On p-norm path following in multiple kernel learning for non-linear feature selection

International Conference on Machine Learning |

Published by Journal of Machine Learning Research

Publication

Our objective is to develop formulations and algorithms for efficiently computing the feature selection path — i.e. the variation in classification accuracy as the fraction of selected features is varied from null to unity. Multiple Kernel Learning subject to \(l_{p\geq1}\) regularization (\(l_{p}\)-MKL) has been demonstrated to be one of the most effective techniques for non-linear feature selection. However, state-of-the-art \(l_p\)-MKL algorithms are too computationally expensive to be invoked thousands of times to determine the entire path. We propose a novel conjecture which states that, for certain \(l_p\)-MKL formulations, the number of features selected in the optimal solution monotonically decreases as \(p\) is decreased from an initial value to unity. We prove the conjecture, for a generic family of kernel target alignment based formulations, and show that the feature weights themselves decay (grow) monotonically once they are below (above) a certain threshold at optimality. This allows us to develop a path following algorithm that systematically generates optimal feature sets of decreasing size.
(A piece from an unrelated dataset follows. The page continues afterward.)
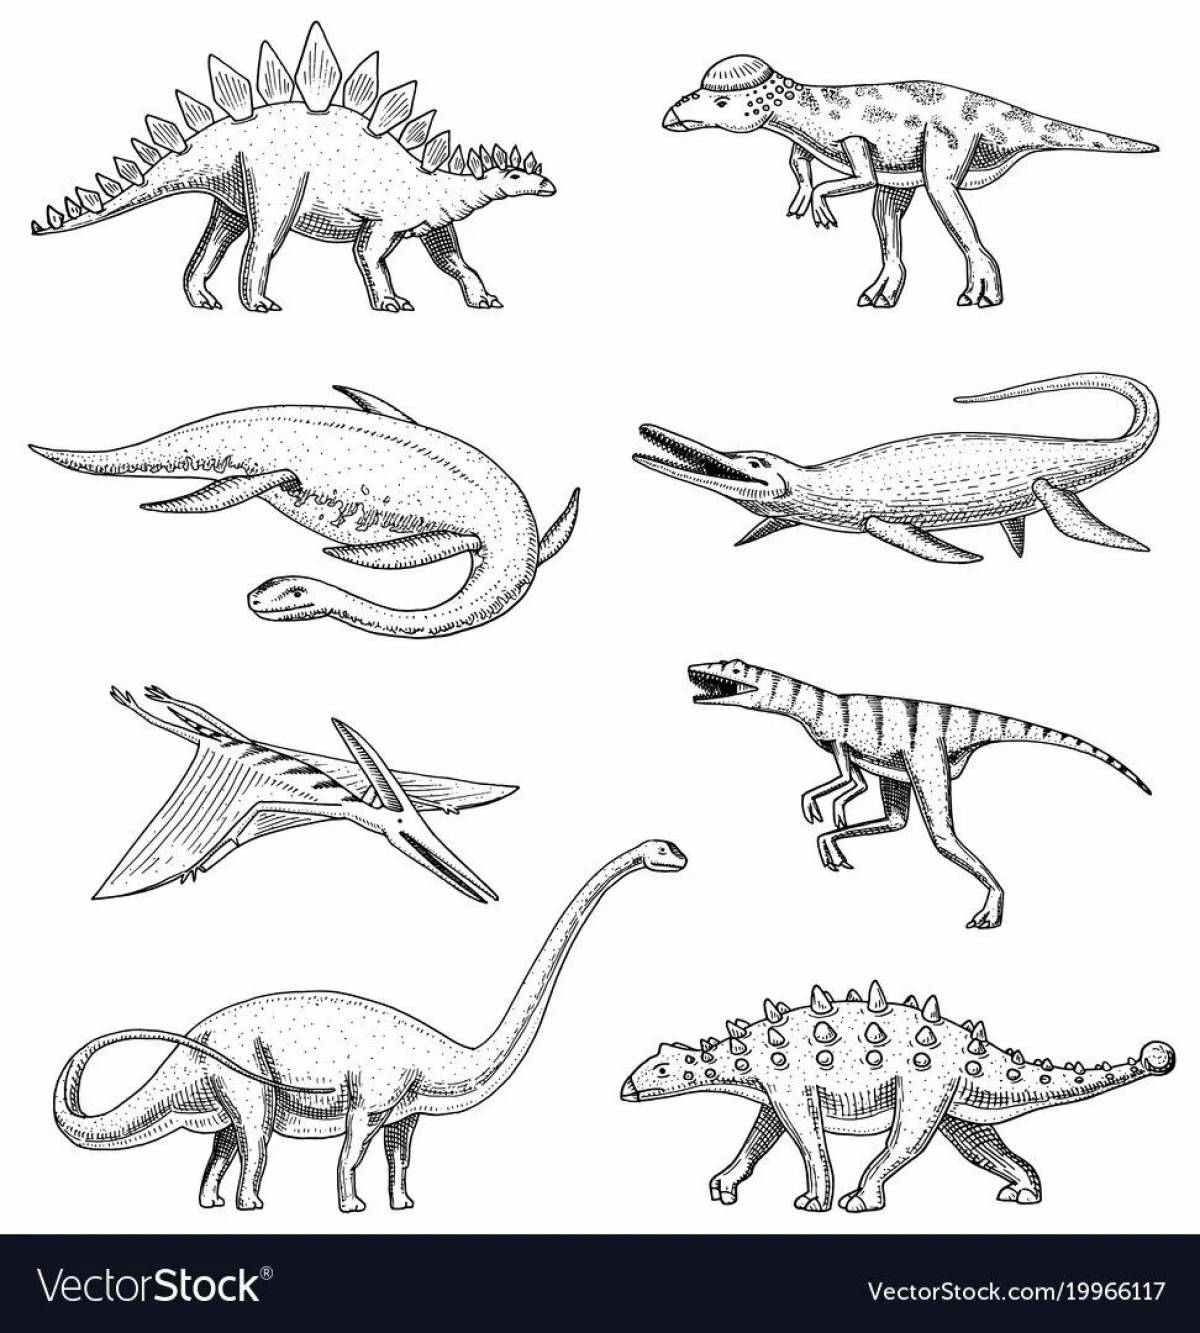 Mosasaurus coloring book for kids

The proposed algorithm sets certain feature weights directly to zero for potentially large intervals of \(p\) thereby reducing optimization costs while simultaneously providing approximation guarantees. We empirically demonstrate that our formulation can lead to classification accuracies which are as much as 10\% higher on benchmark data sets not only as compared to other \(l_p\)-MKL formulations and uniform kernel baselines but also leading feature selection methods. We further demonstrate that our algorithm reduces training time significantly over other path following algorithms and state-of-the-art \(l_p\)-MKL optimizers such as SMO-MKL. In particular, we generate the entire feature selection path for data sets with a hundred thousand features in approximately half an hour on standard hardware. Entire path generation for such data set is well beyond the scaling capabilities of other methods.